Shanah Tova! This year, these words are more difficult to say than in the past. It has been a tough year. For me personally, for so many of us here this evening. We have experienced the death of loved ones. Sudden illnesses have torn families apart. Some of us have lost jobs and experienced the uncertainty of tomorrow. Others have confronted challenges that come with aging, losing a sense of independence. We’ve faced all sorts of hardships this past year.

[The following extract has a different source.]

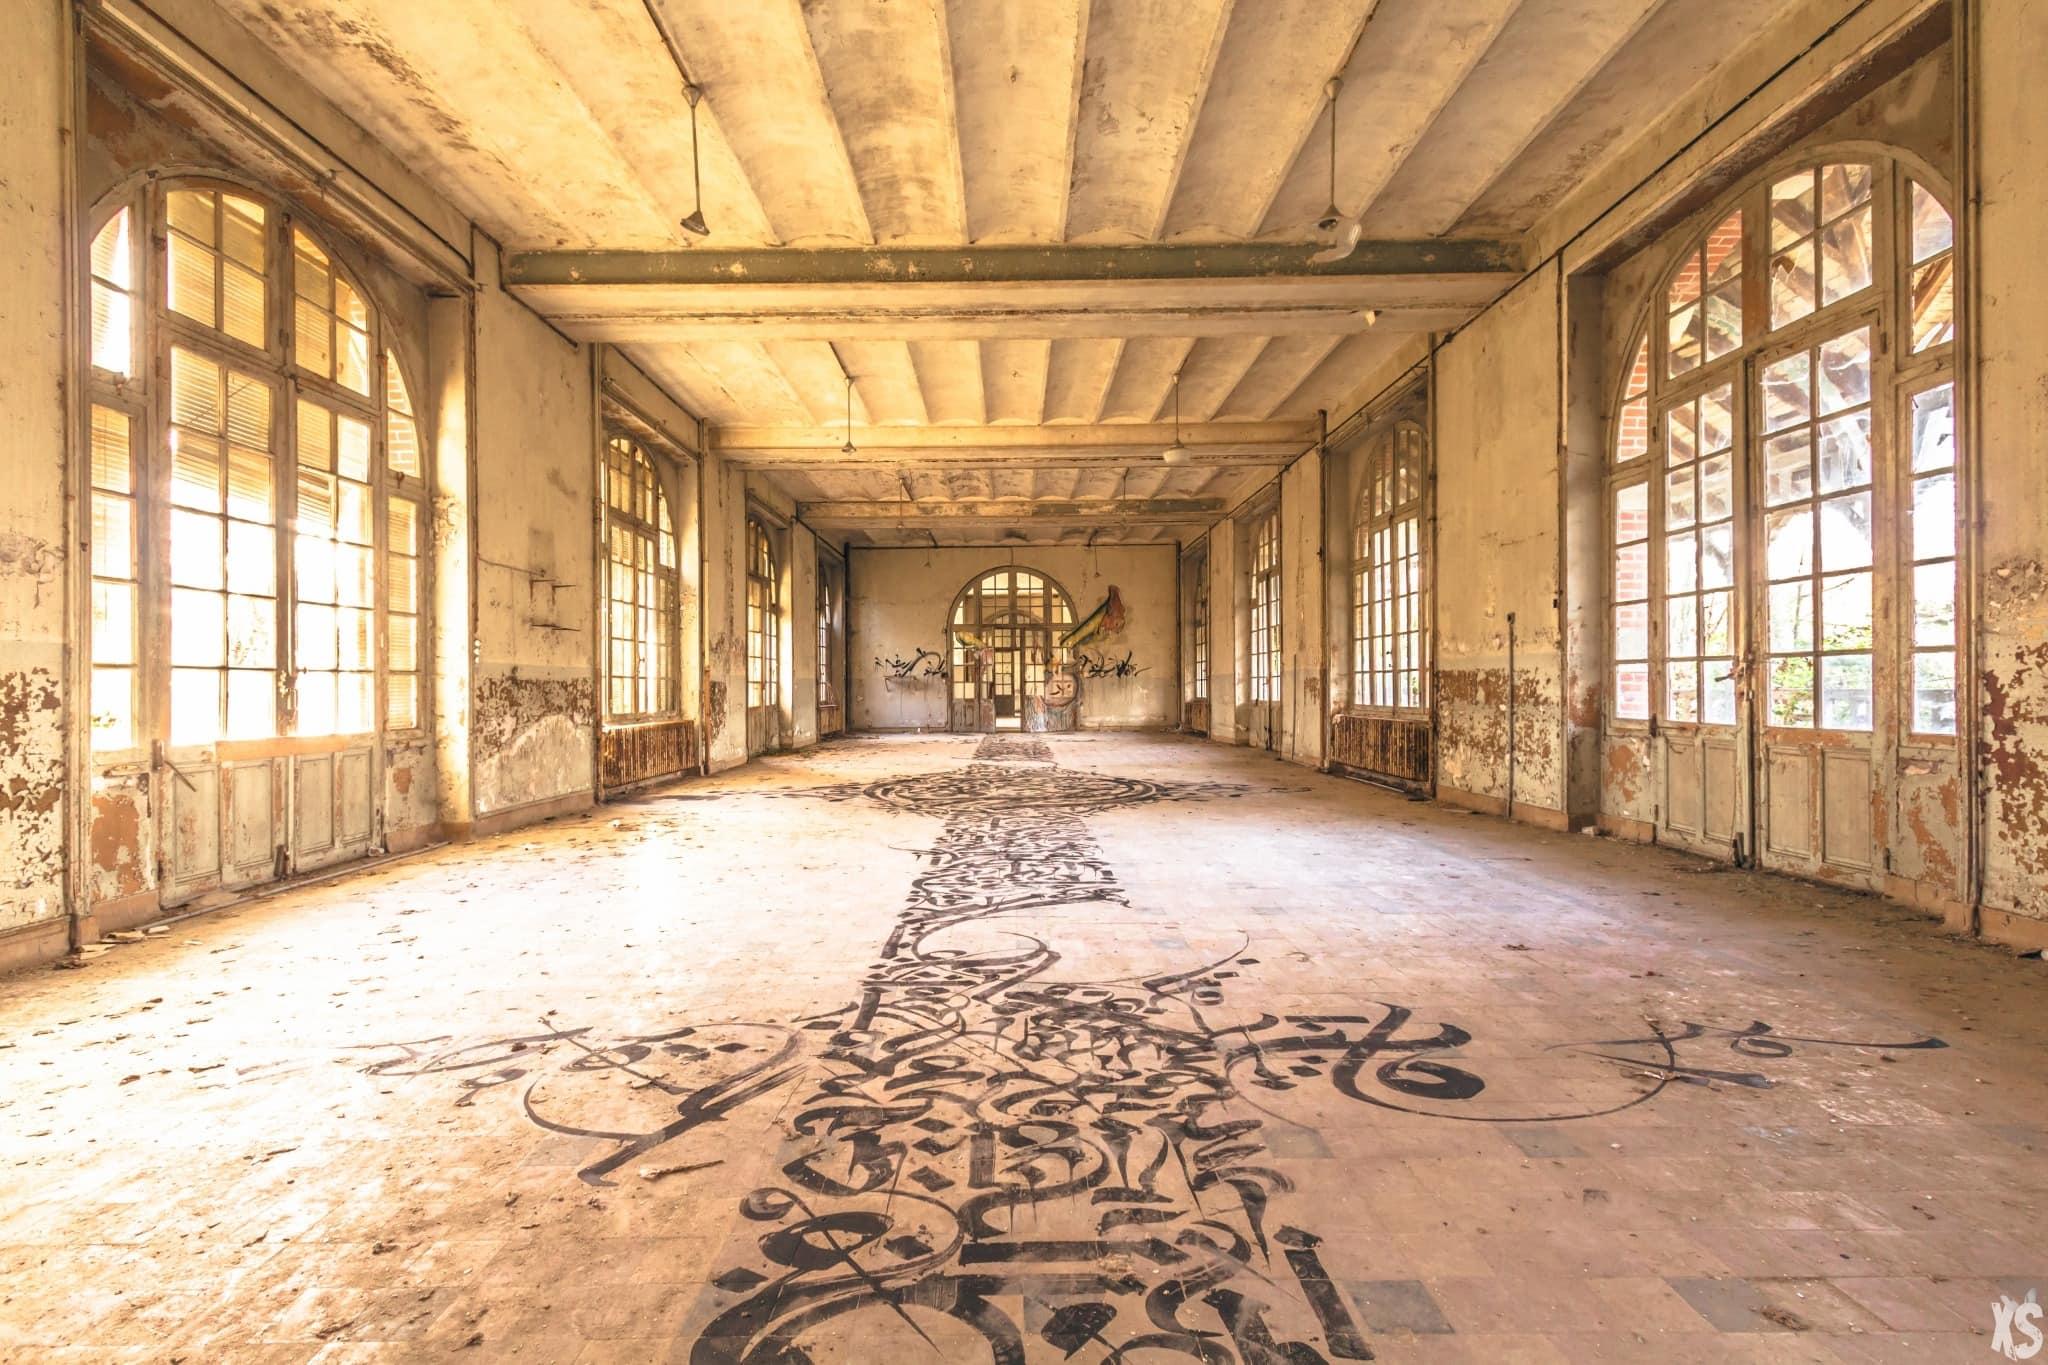 Abandoned orphanage in France | urbexsession.com/en/emile-louis-orphanage | Urbex France

It has no doubt been a difficult year for our city, as well. Gun violence is at its worst. Our city continues to operate without a budget. Things have been difficult on a global level, too. We live in an America where minimum wage does not provide enough for people to live. Antisemitism is on the rise throughout Europe. Terrorist attacks occur on a weekly basis. We hear and we see so much intolerance and hate for nearly every minority group in the world. We constantly live with a growing fear of terror. We feel less safe today than we did yesterday.
By now, you are probably thinking, “I didn’t come to Rosh Hashanah services to be further depressed about the world.” But here’s the thing — I have not told you anything you don’t already know. Really.

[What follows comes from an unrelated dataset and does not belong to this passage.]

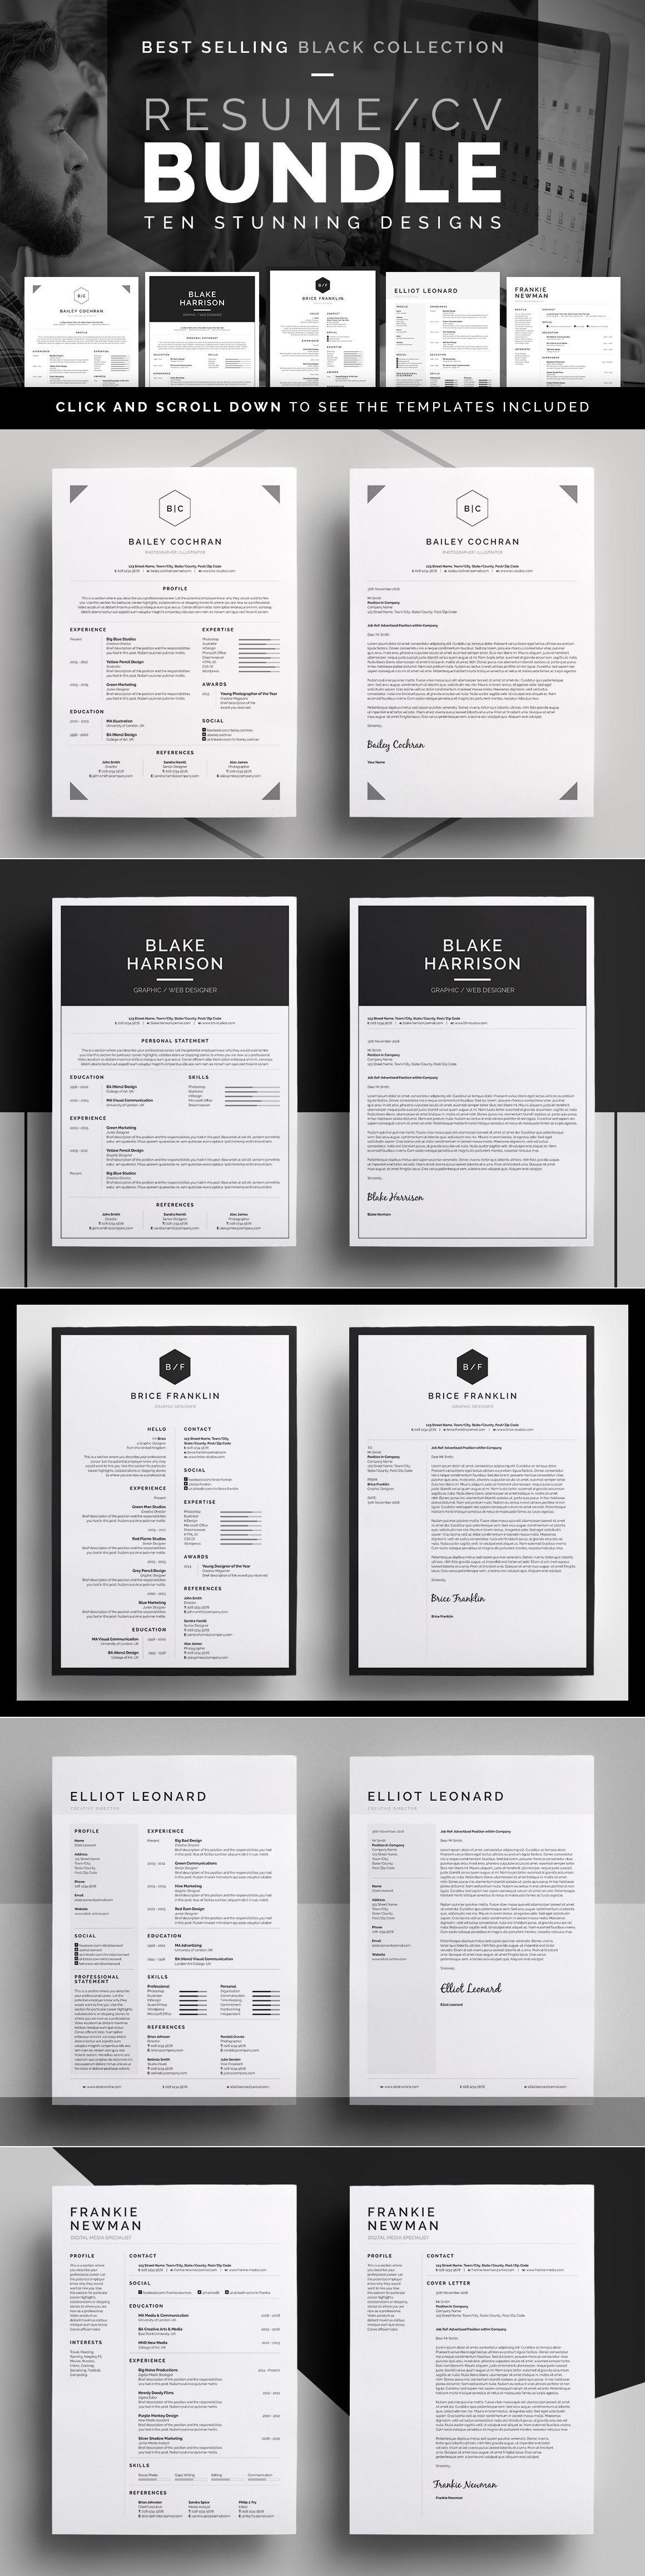 Resume/CV Bundle - 10 Modern, Professional designs with Matching ...

And the truth is, the darkness in our own lives, in our city, and in our world can indeed feel quite overwhelming, scary, and even paralyze us. In these darkest times so many of us feel as though we are barely hanging on by a thread.

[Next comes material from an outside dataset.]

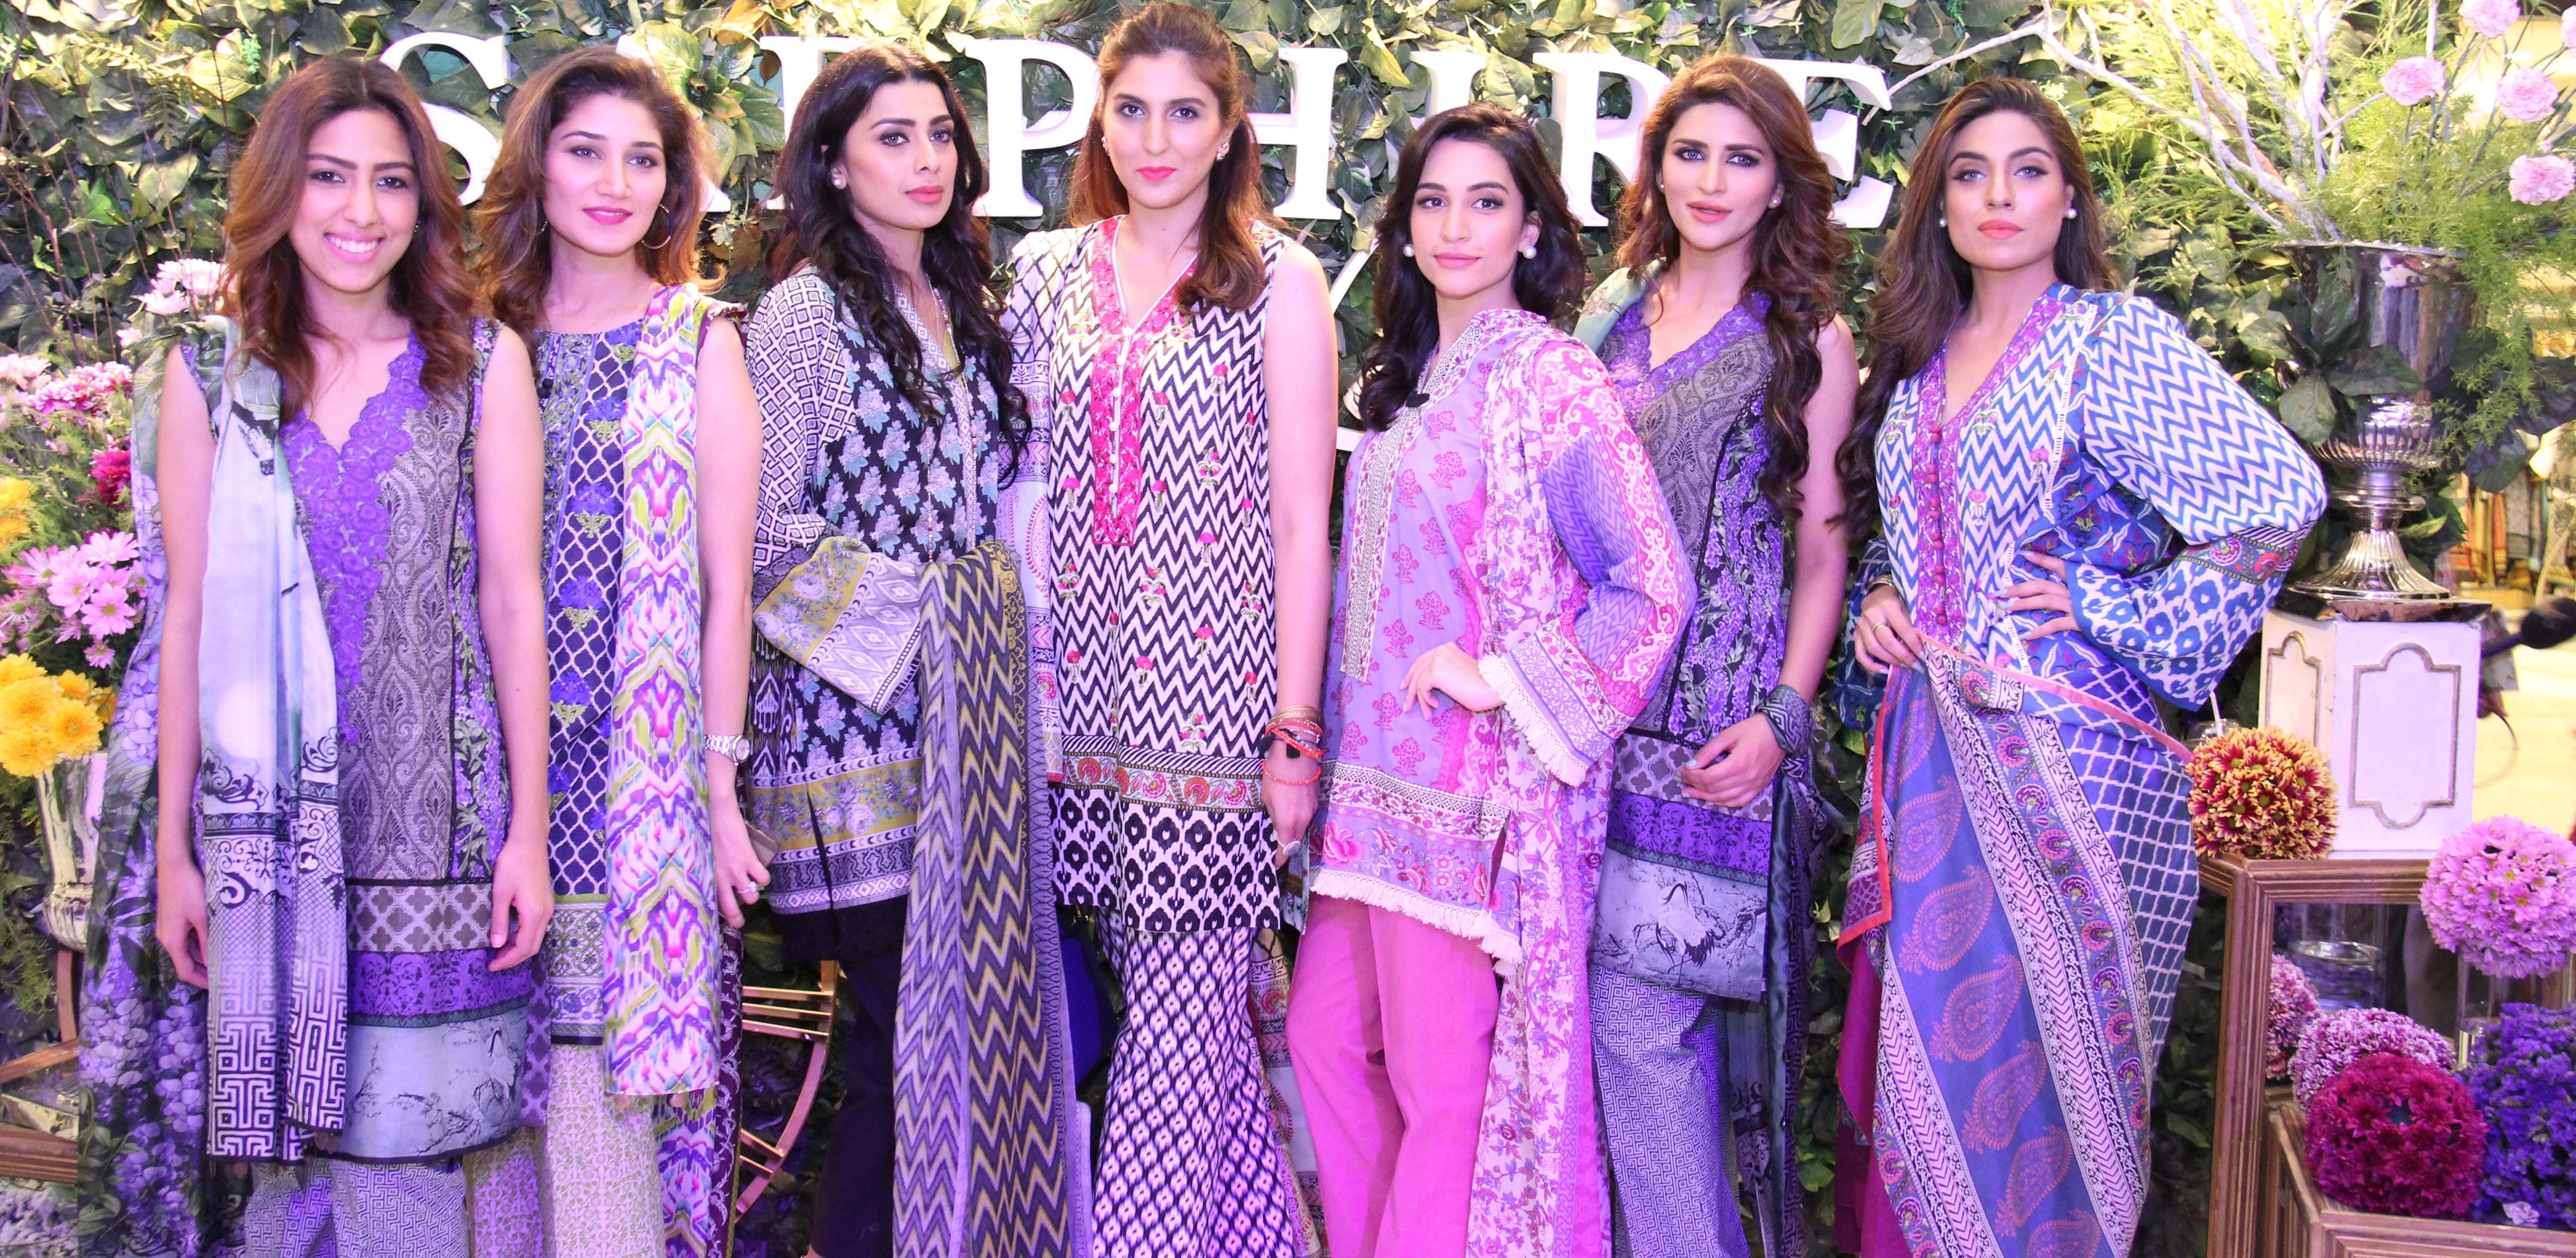 Natasha, Meher Bano, Fia, Khadijah, Sana, Falak and Ekra

And yet, here we are on this eve of Rosh Hashanah, the eve of our Jewish New Year. How are we supposed to celebrate this gift of the New Year, if it really doesn’t feel like a gift at all?
Let me let you in on a little secret — Rosh Hashanah impels us to talk about hope. This is the only Jewish holiday that occurs on the day of the new moon? On the first of every Jewish month, the day of the new moon, we cannot actually see the moon. Tonight is literally our darkest Jewish holiday. And yet, it is on this very day, that the opening words of our prayers began, “Tiku va’chodesh shofar, ba’keseh l’yom chagainu”, “Blow the shofar when the moon is covered”. When the moon is covered, when we cannot see even a little sliver of light, we are commanded to blast the shofar, a symbol of hope — hope even in the darkest of times.
Did you know that the only time the word “hope” occurs in our prayers is during our evening services on these High Holy Days? In the middle of the Amidah we find an additional section of prayers focusing on the themes of kingship, remembrance and shofar. And, it’s also the oldest part of our Rosh Hashanah Liturgy. On the holiest days of the year, we pray words of hope together as a community, asking God, “Grant hope to those who seek You.”
On this dark evening, as we begin our New Jewish Year, our prayers remind us that we must cultivate hope. Even when there is no promise of a better tomorrow, we continue to wake up each day. Think about our history as a people, time and time again — we persist. We continue to live our lives. Somehow, somehow from deep within, we have held on tight to the courage to get up and move forward. We continue to have hope.
Because that is what Jews do.
Our American society has taught us about hope in sappy movies and cheesy hallmark cards. Hope becomes a sort of cheerfulness, a confidence that things will turn out for the best, that they will at least get better. We are surrounded with this kind of hope from our earliest age. Every story we read ends “and they all lived happily ever after.” Every movie we watch ties up all conflict with a pretty bow — Cinderella, Sleeping Beauty, even the Ugly Duckling. We hear the language of hope all the time, “I hope my train is on time,” “I hope to get a promotion, “I hope to find comfort.” If I hope for something, it will come true.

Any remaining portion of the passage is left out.